Clients want it. So how can advisors meet accelerating demand for sustainable and impact investing—and prepare for the next wave of system-level investing?

In our book, 21st Century Investing: Redirecting Financial Strategies to Drive Systems Change, we provide a roadmap to help advisors serve that demand by integrating system-level risk and reward management into investment decision making. Investment today has evolved from modern portfolio theory’s conventional approach starting in the 1950s. Investors have since recognized the importance of sustainable investment and have begun considering environmental, social and governance (ESG) factors. Yet the complexity of the times forces us to recognize and transition to a third stage of investment practice: system-level investing.

This next wave will be powered by millennials, who are in line to inherit more than $68 trillion in wealth from boomer parents during the coming decade. In its U.S. Full-Service Investor Satisfaction Study, JD Power found that “among investors under age 40 who strongly agree that their advisory firm is committed to ESG efforts, 52% say they plan to increase their investment with that firm. (The number falls to just 24% among investors over age 40.)

While client demand for sustainable and impact investing is growing, many advisors seem to be missing the boat. Despite the positive appeal ESG has among younger investors, 68% say they either have doubts about their firm’s commitment to it or don’t know about it. A recent Cerulli report found 58% of financial advisors indicated, surprisingly, a lack of investor demand was a significant factor preventing their adoption of ESG strategies. A lack of familiarity with ESG trends on the part of advisors may well be the source of this apparent disconnect.

This new book will help advisors catch up with this new trend. The following excerpt is an introduction to system-level investing, providing advisors with insights into how they can integrate this new way of thinking into their current practice and support clients who are looking for smart ways to invest in an increasingly populated, complex and interconnected world. By doing so, we believe advisors will leapfrog the competition and position themselves effectively for the transition to system-level investing.

21st Century Investing: Redirecting Financial Strategies to Drive Systems Change
It’s time for a new way to think about investing, one that can contend with the complex challenges we face in the 21st century.

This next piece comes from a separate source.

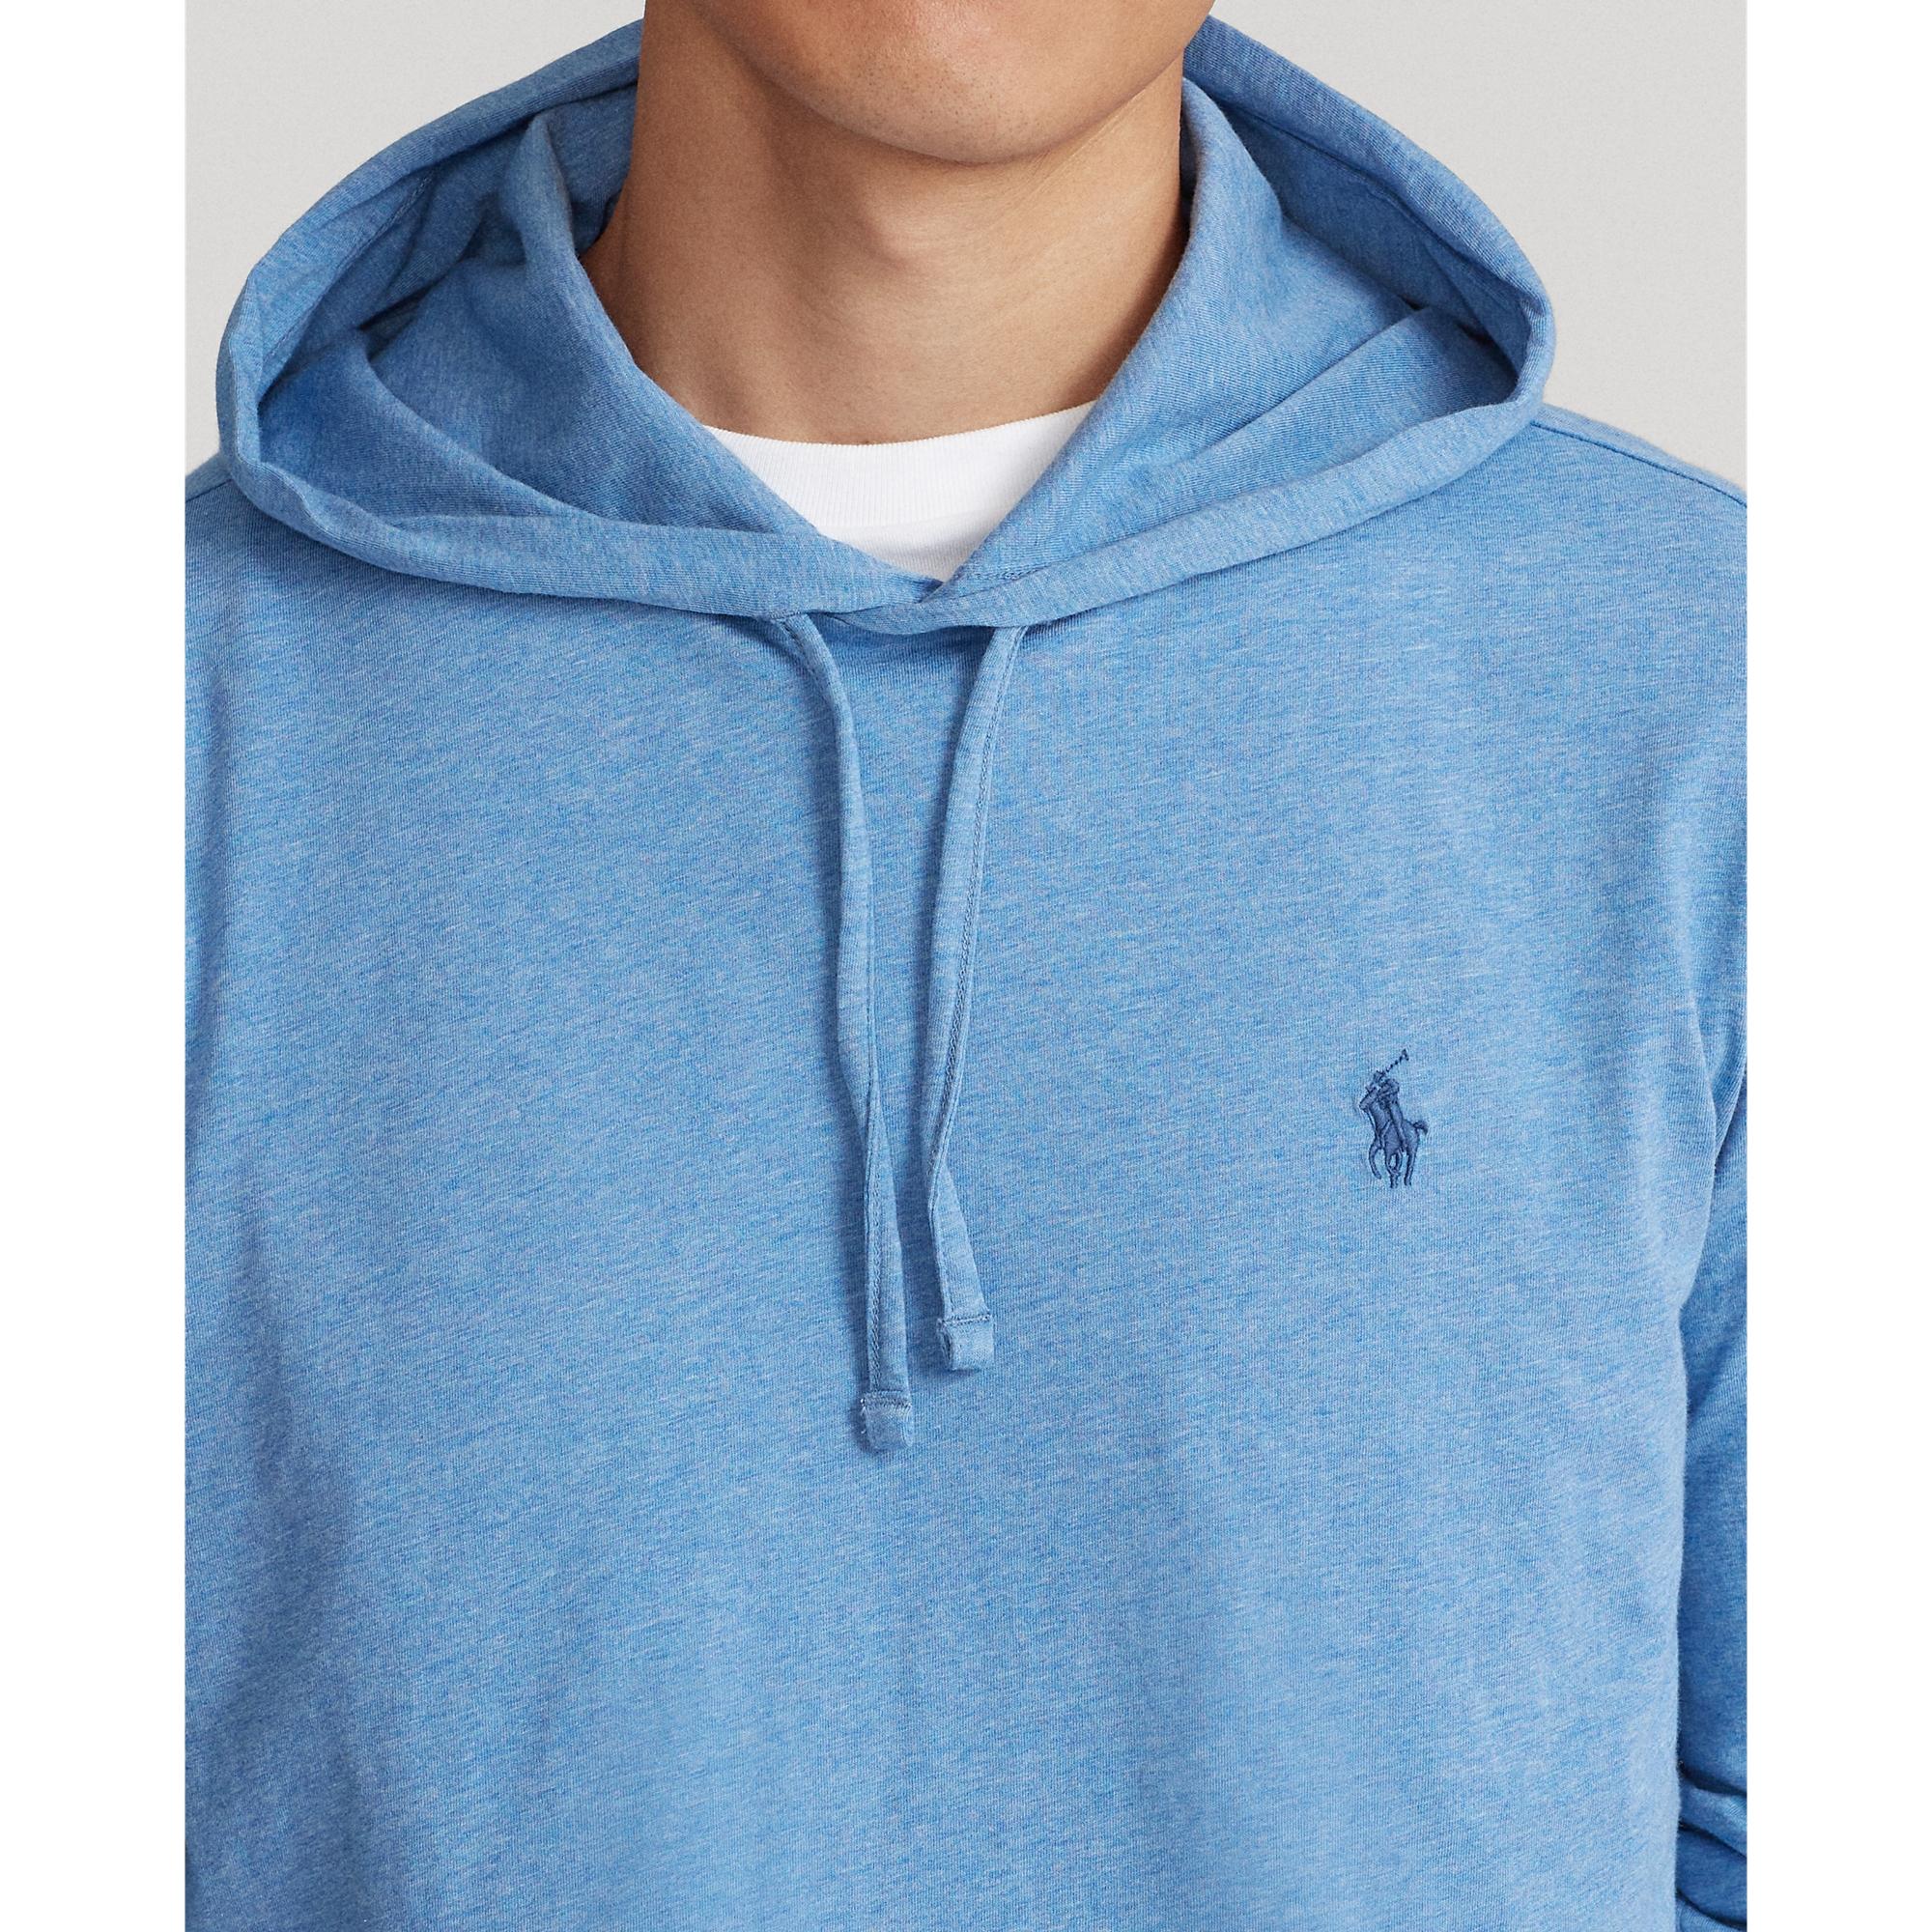 Ralph Lauren Jersey Hooded T-shirt in Blue for Men - Save 15% - Lyst

Investment today has evolved historically from a basic, conventional approach (concern about the risks of security selection and portfolio risk management) to embrace as well sustainable investment (intentionally achieving social and environmental benefits along with financial returns). Building on this integration of sustainability factors, it can now transition to a third stage that recognizes both the power of investments to impact social, financial, and environmental systems and the complexity of the times we live in. We call this system-level investing.

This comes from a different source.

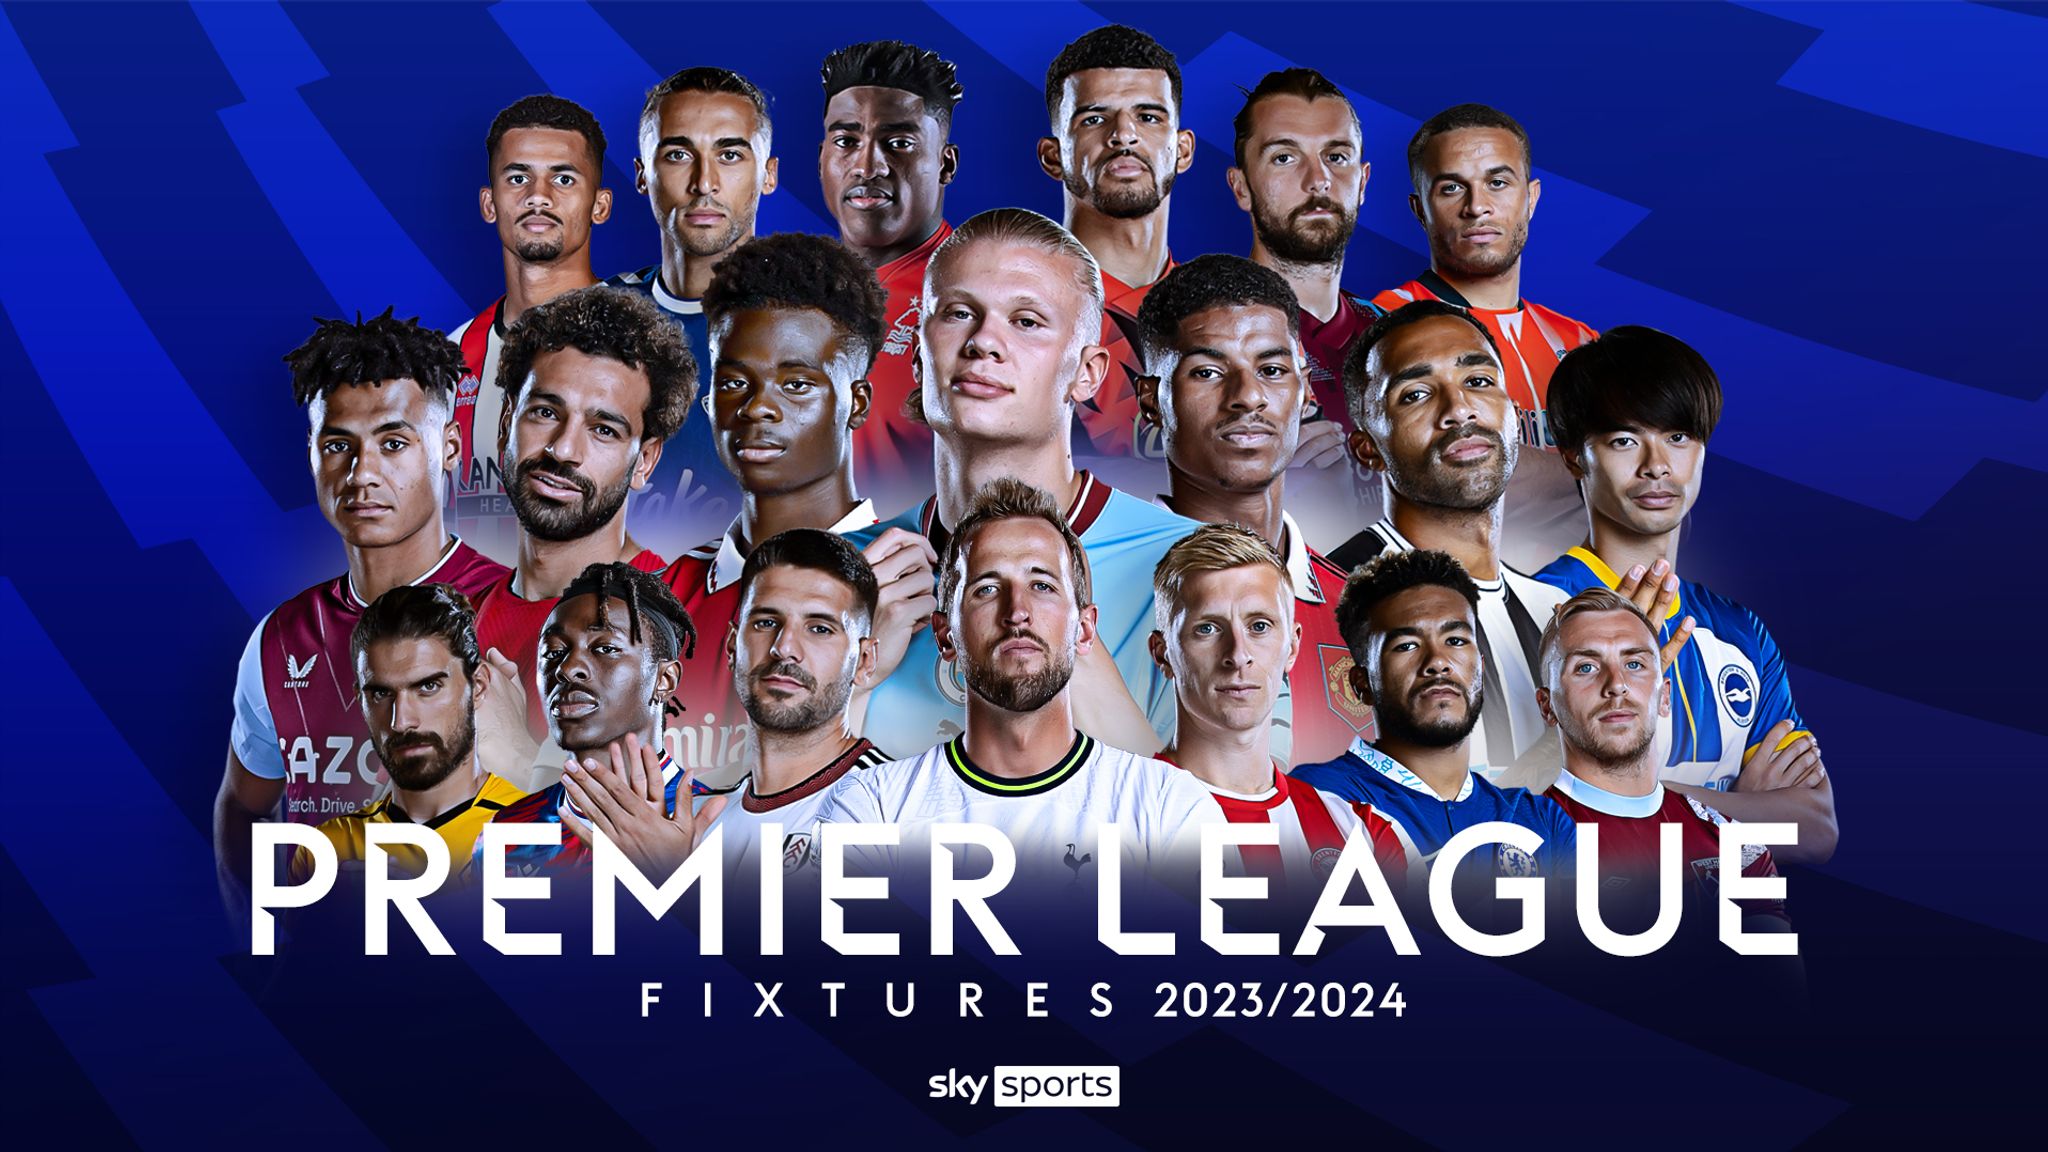 Premier League 2024 Teams: Full List and Analysis

System-level investors believe that it is time to support and enhance the health and stability of the social, financial, and environmental systems on which they depend for long-term returns. They preserve and strengthen these fundamental systems while still generating competitive or otherwise acceptable performance.

This book is for those investors who believe in that transition.

They may be institutions, large or small, concerned about the long-term stability of the environment and society. They may be individual investors who want their children and grandchildren to inherit a just and sustainable world. They may have already adopted sustainable investment strategies and be ready to transition to system-level investment. Or they may never have considered alternatives to a conventional approach.

Whoever they may be, they will find the what, why, and how of this transition in these pages: what it means to manage system-level risks and rewards, why it is imperative to do so now, and how to integrate this new way of thinking into their current practice. In particular, the book provides investors with a process for setting goals, deciding where to focus, allocating assets, applying investment tools, leveraging advanced techniques, and evaluating results. It helps investors build on their current practice and, by incorporating system-level perspectives, better align the investments of today with society’s long-term goals.